# Nice trout



## coyotekiller3006 (Jan 3, 2006)

trout i caught today with my fly rod, size 10 shoe
[siteimg]3737[/siteimg]


----------



## njsimonson (Sep 24, 2002)

Coyotekiller...

What state/region are you in?


----------



## Madison (Mar 1, 2002)

Nice fish!!..

Are those hatchery fish your getting? looks like the right ventral fin is clipped.


----------



## Militant_Tiger (Feb 23, 2004)

Should be, my opener is april 1, when they release all the farm raised ones.


----------



## R y a n (Apr 4, 2005)

Very Nice! :beer:

What state were they caught in?

Ryan

.


----------



## coyotekiller3006 (Jan 3, 2006)

I am in Washington, it shouldnt be a hatchery seeing as how i caught it on the yakima river, had to let it go cause its catch and release.


----------



## Madison (Mar 1, 2002)

coyotekiller3006 said:


> I am in Washington, it shouldnt be a hatchery seeing as how i caught it on the yakima river, had to let it go cause its catch and release.

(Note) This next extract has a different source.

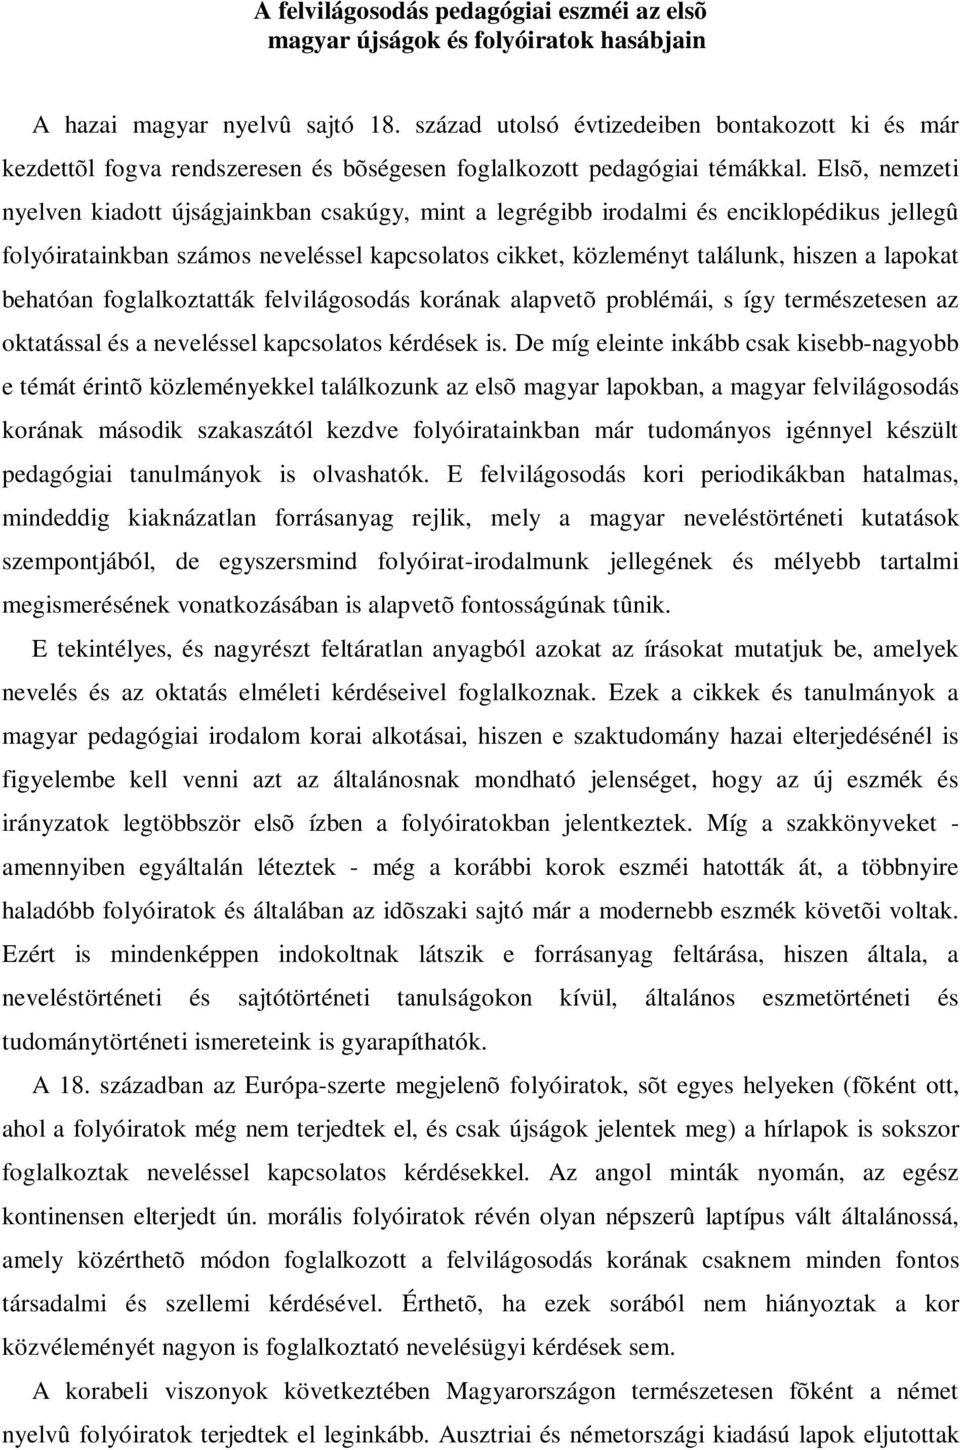 Elsõ, nemzeti nyelven kiadott újságjainkban csakúgy, mint a legrégibb irodalmi és enciklopédikus jellegû folyóiratainkban számos neveléssel kapcsolatos cikket, közleményt találunk, hiszen a lapokat

Didnt realize you were in Washington.. In the midwest we catch stocked fish with an occasional natural reproduced fish, so you need to understand where my question was coming from..

keep it reeel


----------



## Reflex (Feb 27, 2006)

What stretch of the Yak did you catch him on? I love fishing the Yak. It's only 5 mins from my house.


----------



## adokken (Jan 28, 2003)

That fish should have been released 5 hrs. before the picture was taken. How do you catch/release dead fish?


----------



## buckseye (Dec 8, 2003)

adokken... :lol:


----------



## coyotekiller3006 (Jan 3, 2006)

he was alive, i can guarentee it


----------



## Reflex (Feb 27, 2006)

Maybe try a soft mesh net next time. Putting fish on the ground is real hard on there slime coat. You should try and keep the fish from the Yak in the water as much as possible. Try and hold them by the wrist of their tail. Anyways, what pattern did you throw at him?


----------